Task objective »
The whole listing, apart from its images, should be restated word for word.

The data »
▽
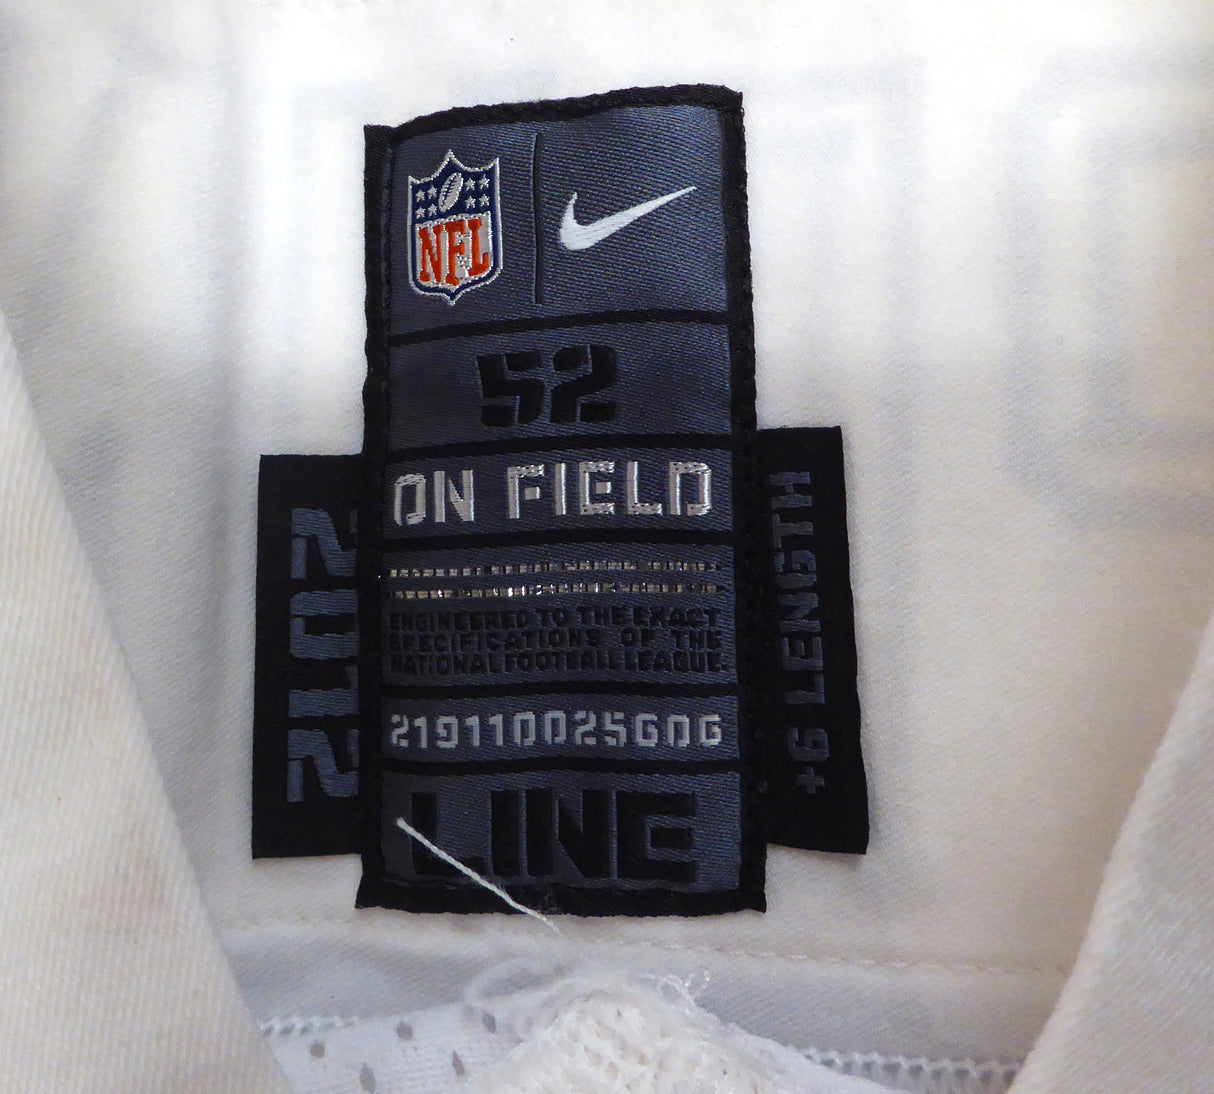 Oakland Raiders Donald Penn Team Issued White Nike Jersey Size 52 SKU #228862
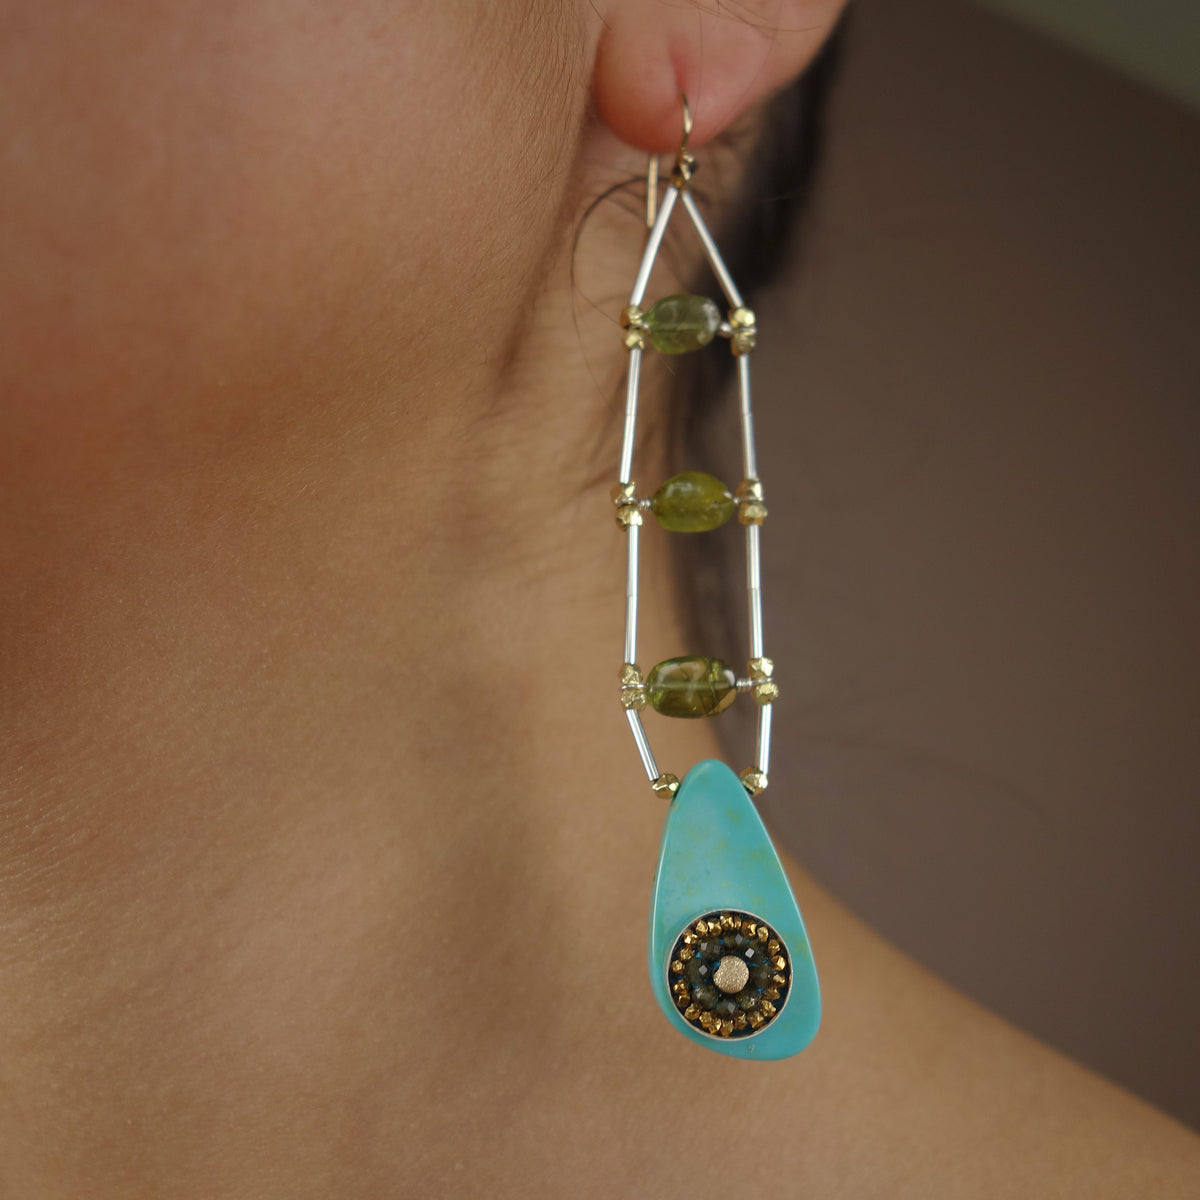 Her Inner Eye: sapphire, turquoise, and peridot earring
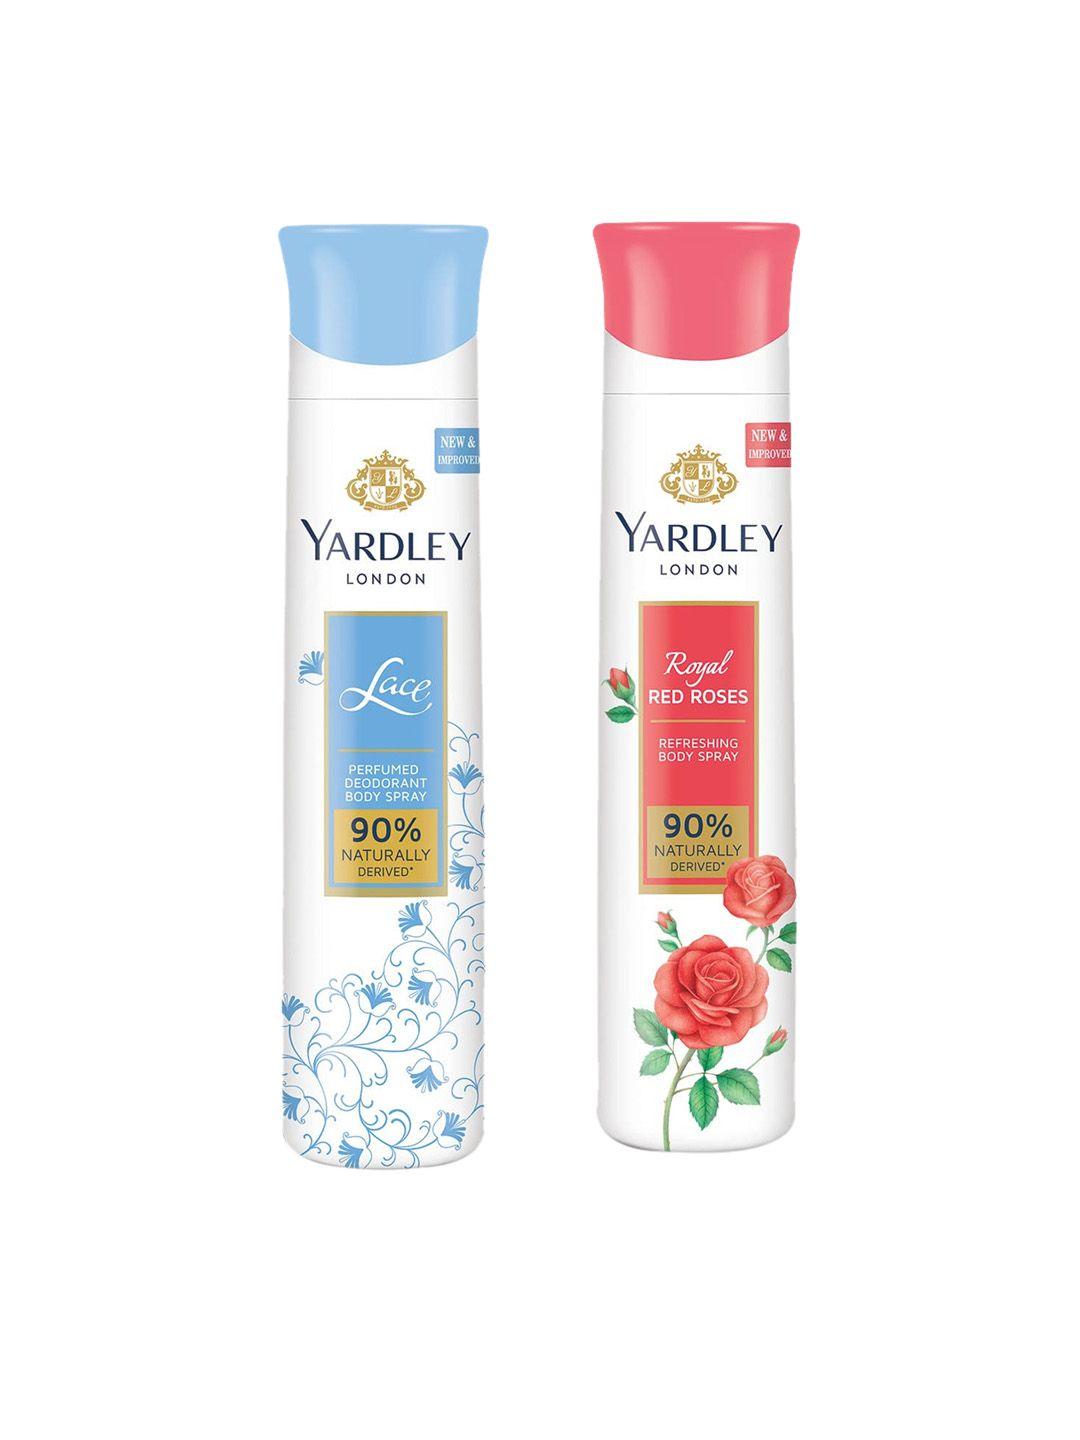 yardley-london-set-of-2-perfumed-deodorant-body-spray-lace-&-royal-red-rose---150-ml-each
△
Response to this exercise »
 Oakland Raiders Donald Penn Team Issued White Nike Jersey Size 52 SKU #228862
 Her Inner Eye: sapphire, turquoise, and peridot earring
 yardley-london-set-of-2-perfumed-deodorant-body-spray-lace-&-royal-red-rose---150-ml-each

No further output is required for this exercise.